### PROBLEM TO WORK ON
Please return every line of the material verbatim and skip any images.

### RECORDED DATA
<<<<

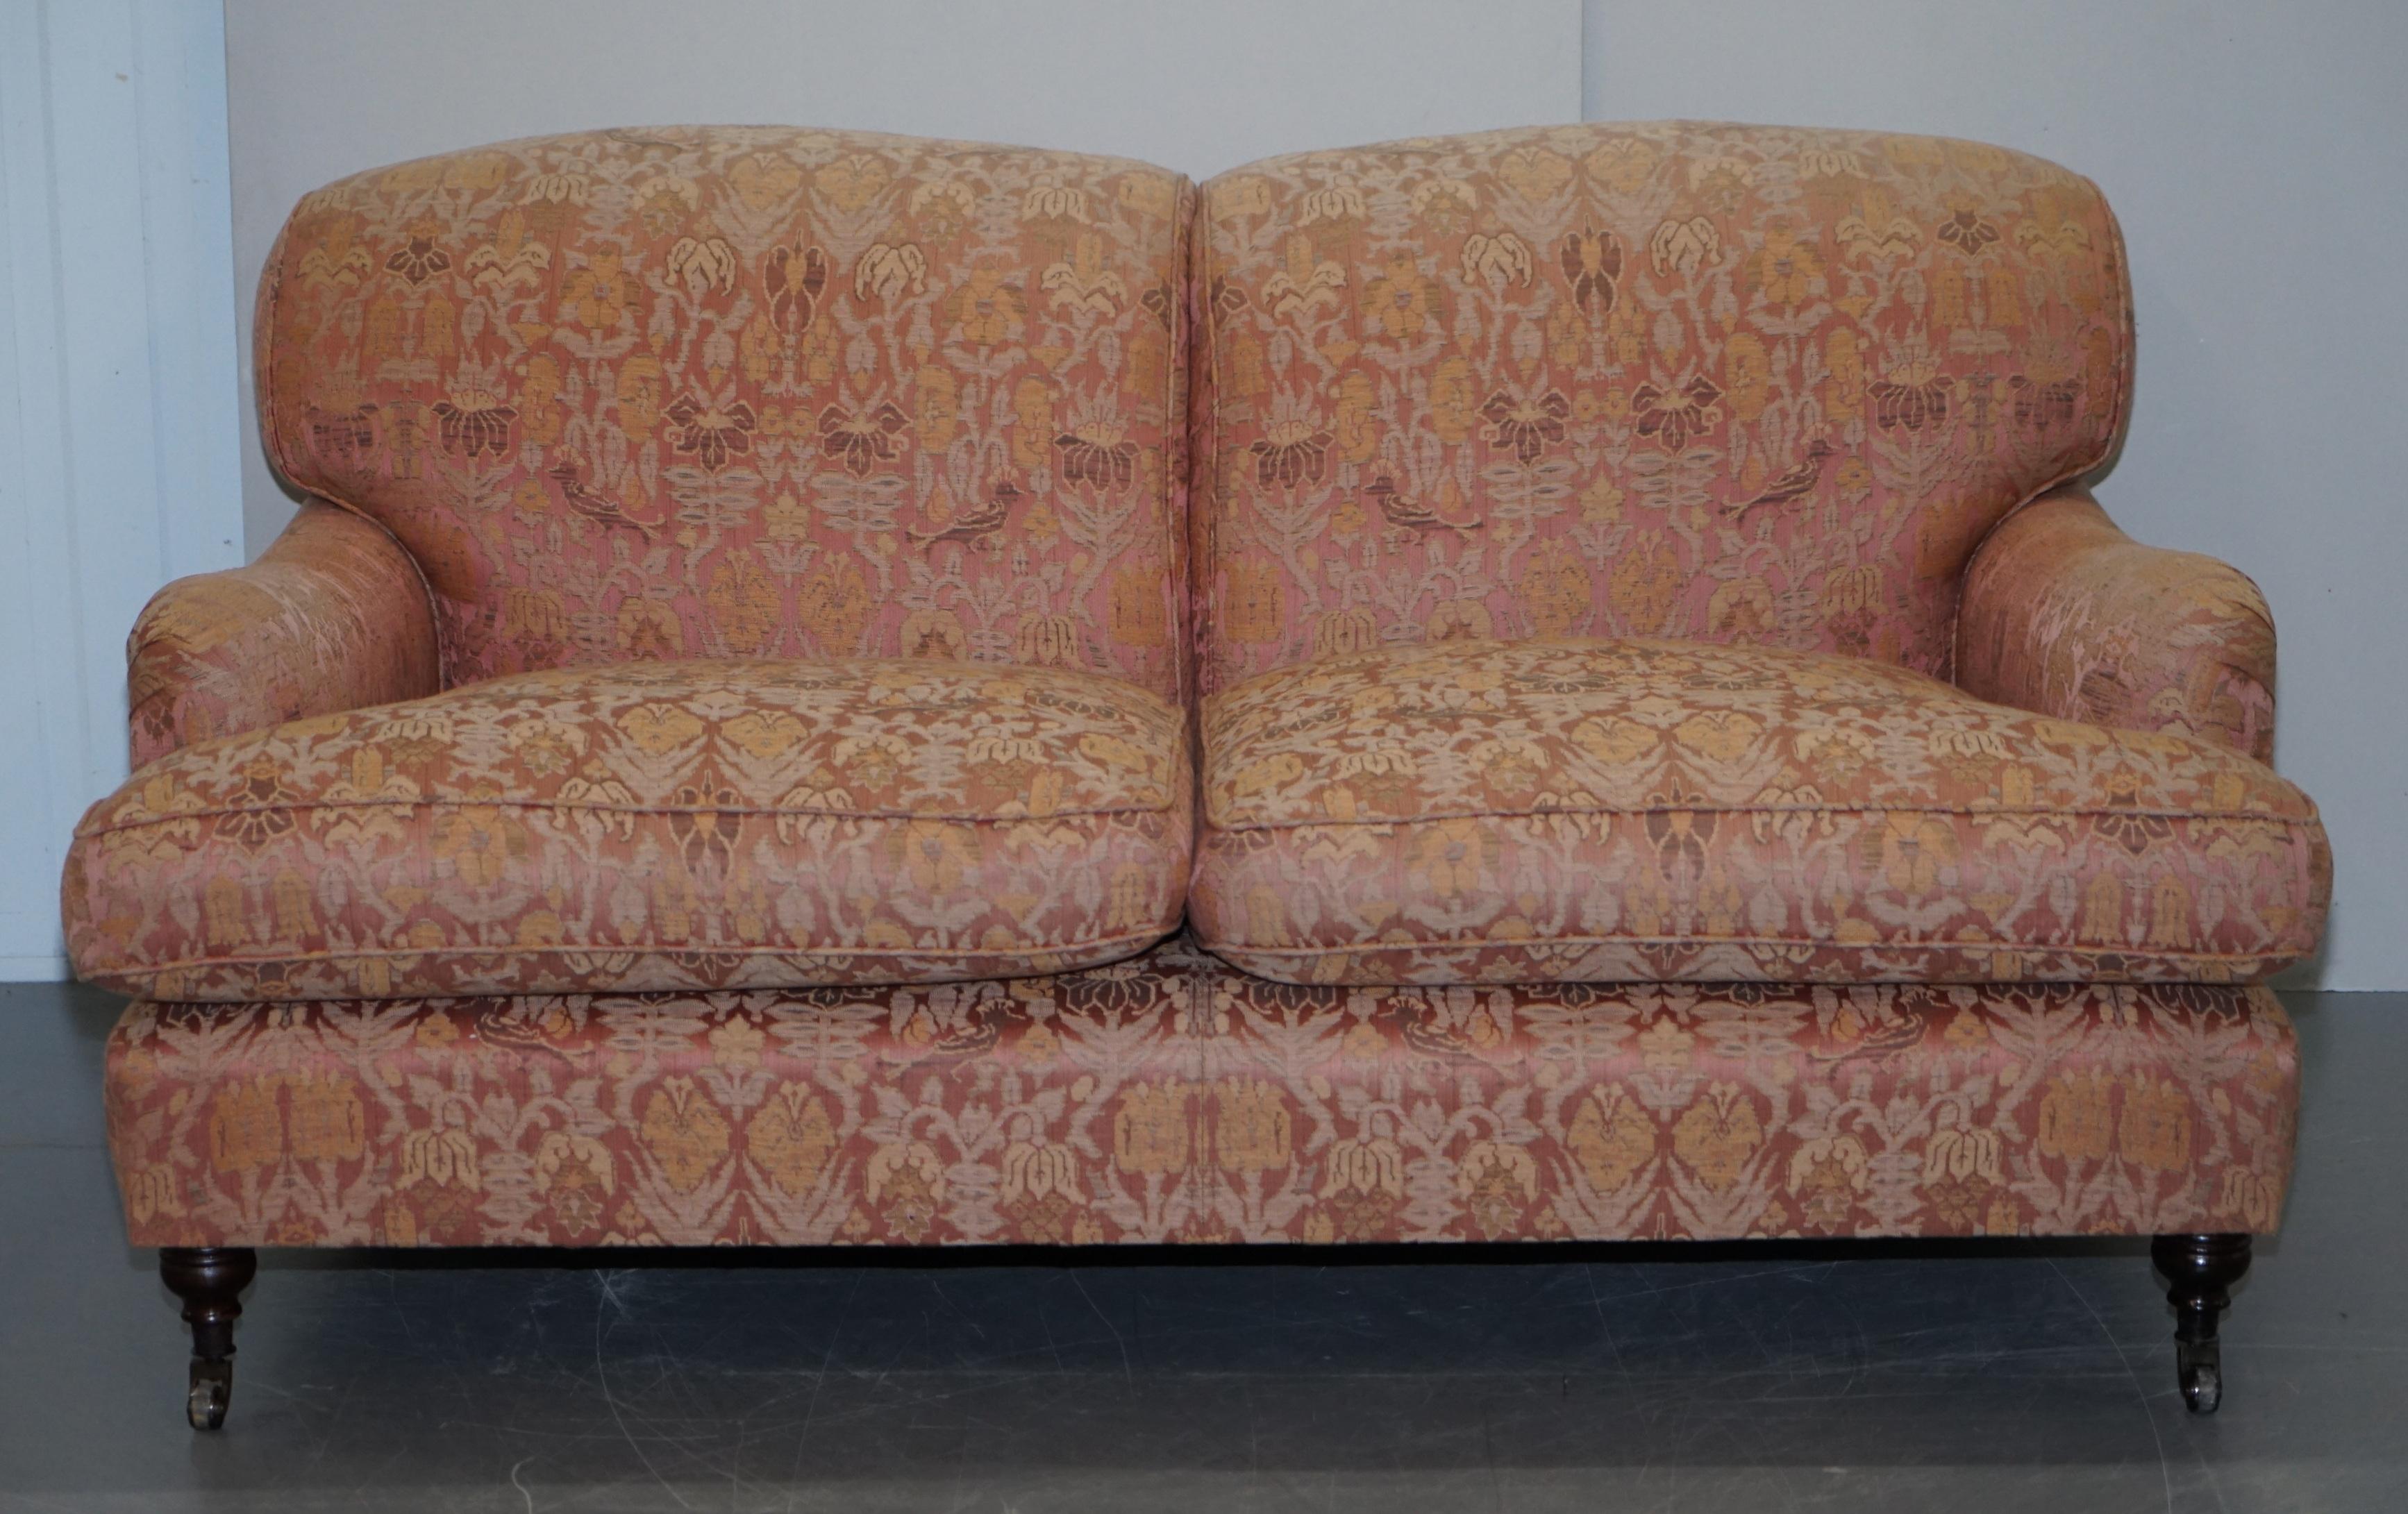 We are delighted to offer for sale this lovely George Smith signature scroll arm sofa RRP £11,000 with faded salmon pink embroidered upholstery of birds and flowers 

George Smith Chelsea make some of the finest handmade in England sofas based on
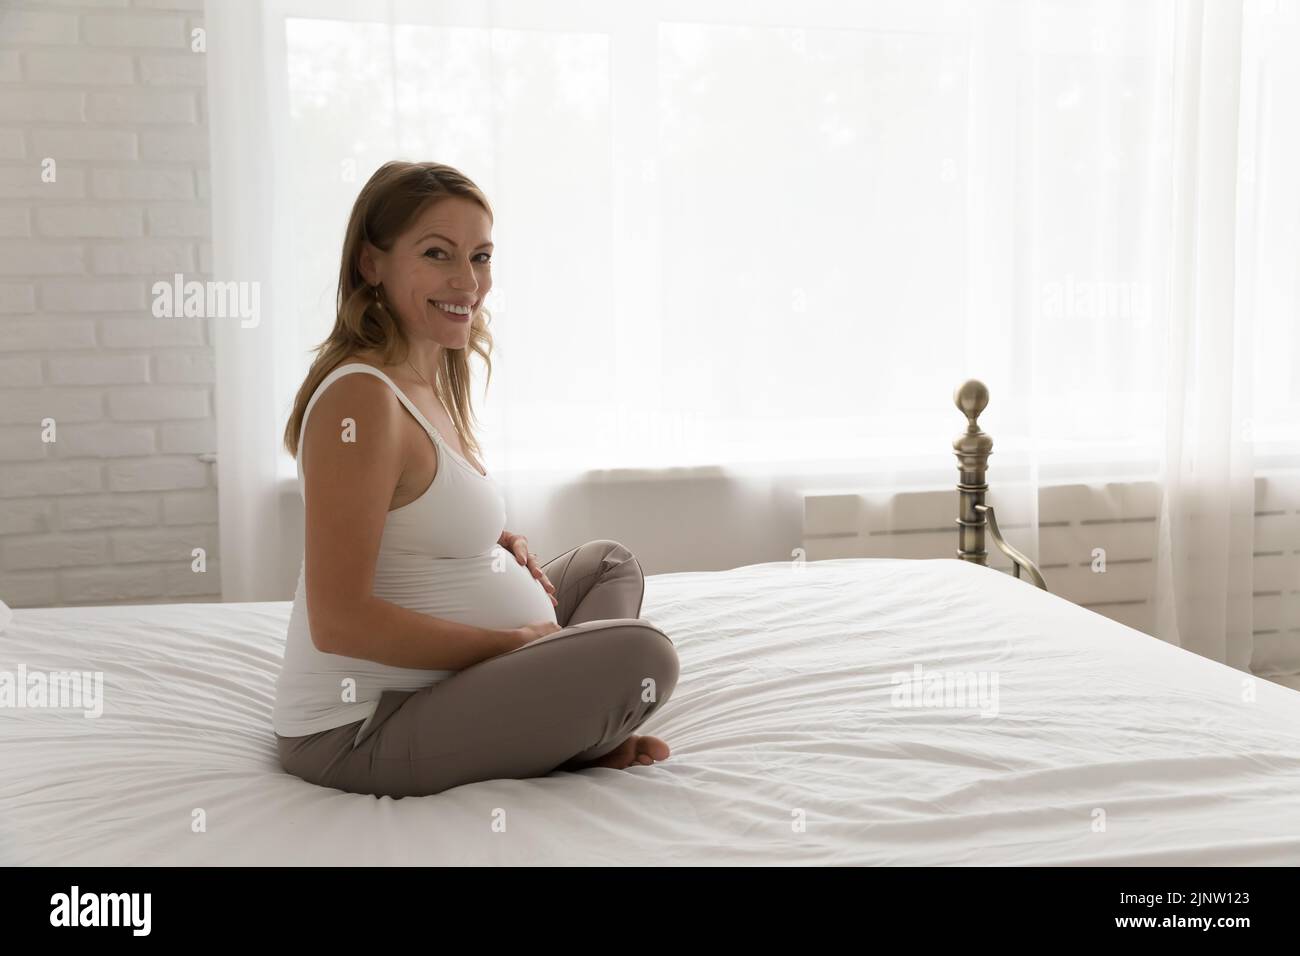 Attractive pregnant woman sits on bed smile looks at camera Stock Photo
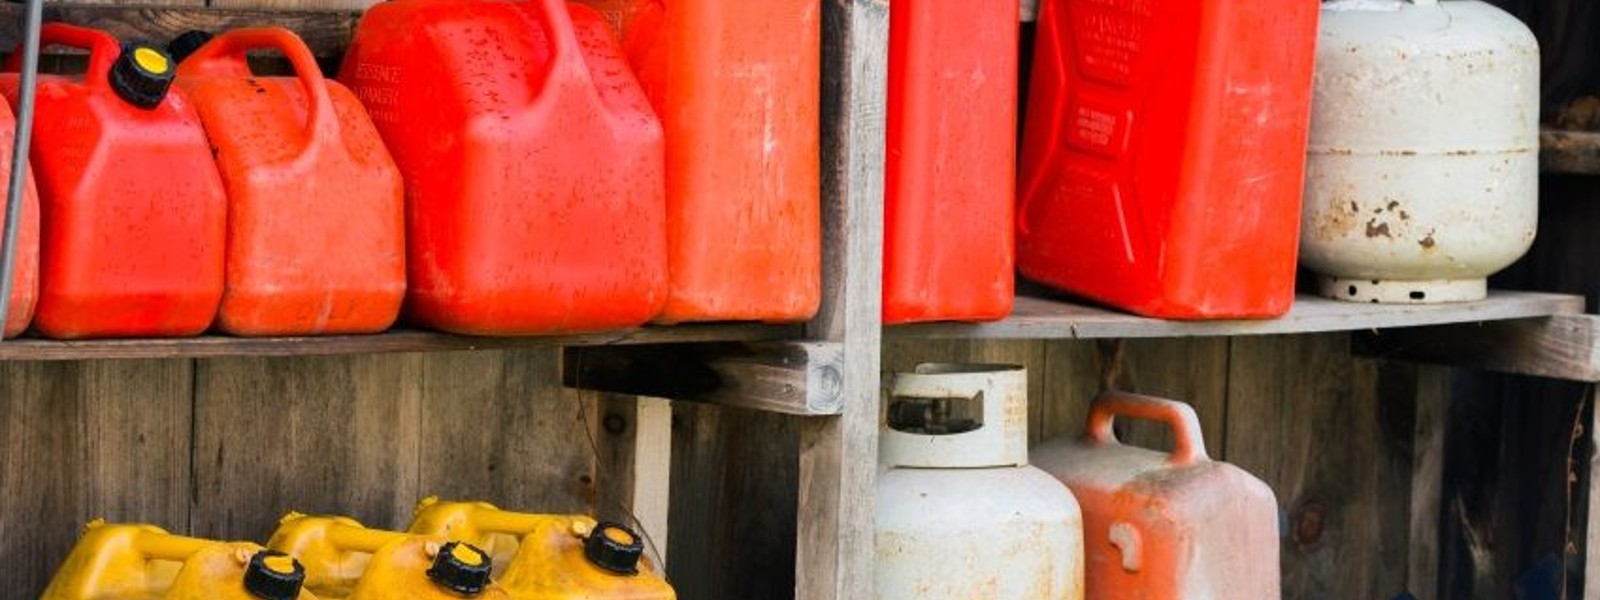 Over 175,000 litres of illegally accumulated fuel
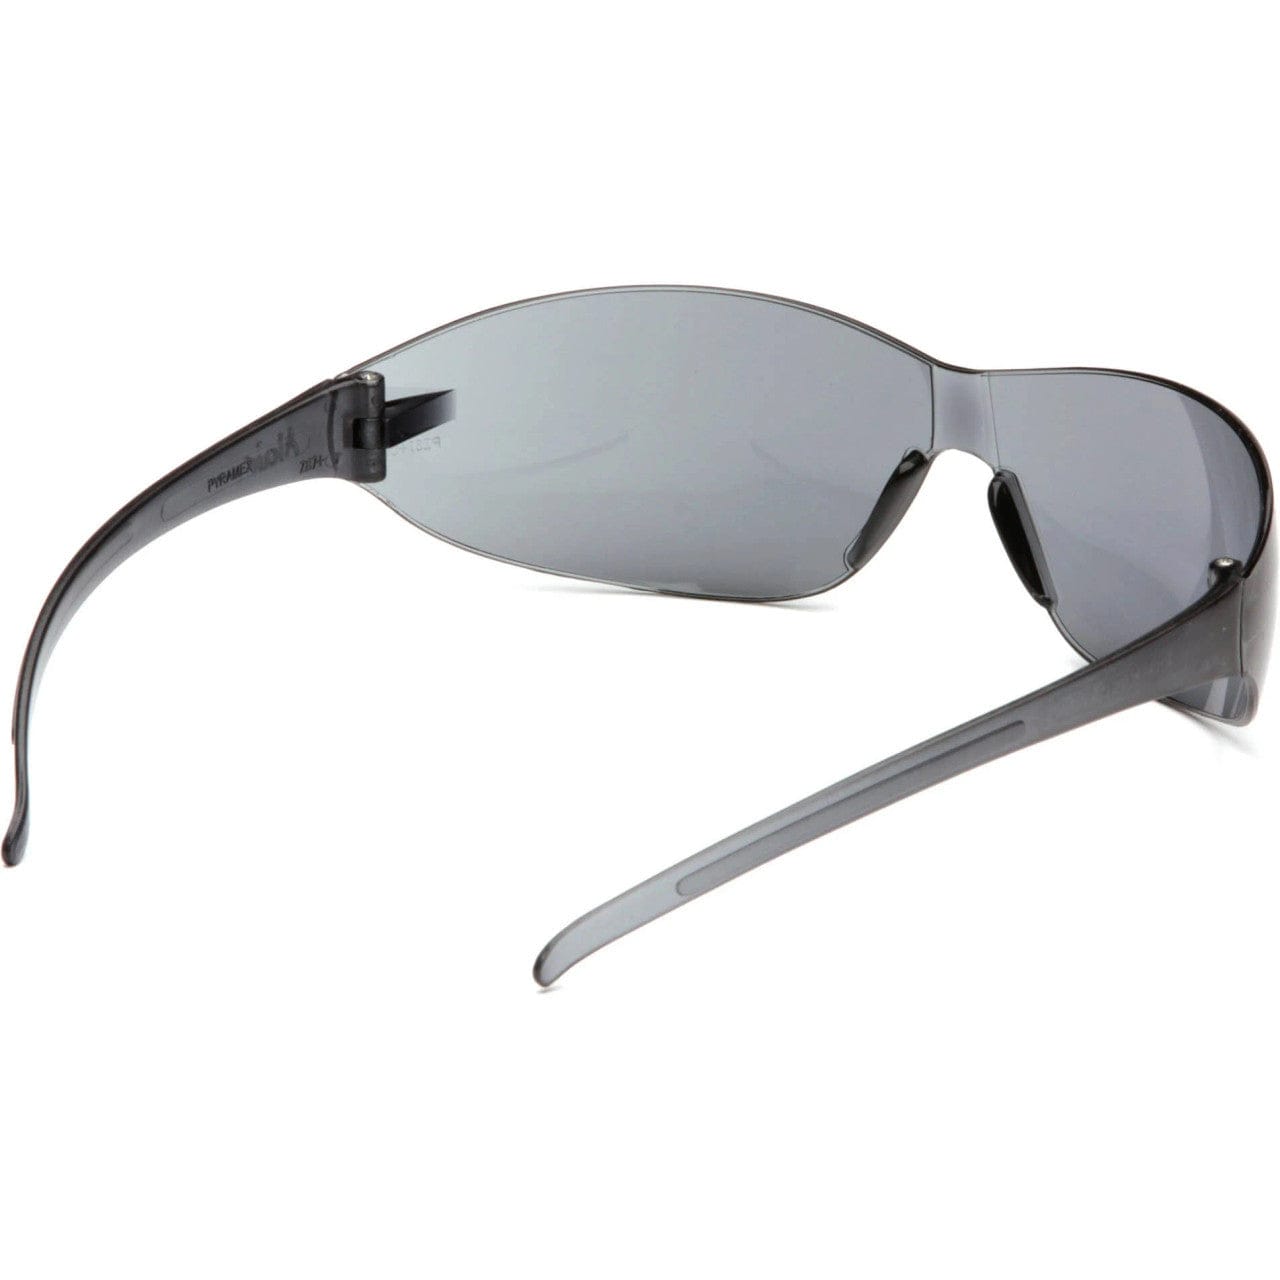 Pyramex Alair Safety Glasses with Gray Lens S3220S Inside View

>>>>

### RESULT FOR THIS EXERCISE
 We are delighted to offer for sale this lovely George Smith signature scroll arm sofa RRP £11,000 with faded salmon pink embroidered upholstery of birds and flowers 

George Smith Chelsea make some of the finest handmade in England sofas based on
 Attractive pregnant woman sits on bed smile looks at camera Stock Photo
 Over 175,000 litres of illegally accumulated fuel
 Pyramex Alair Safety Glasses with Gray Lens S3220S Inside View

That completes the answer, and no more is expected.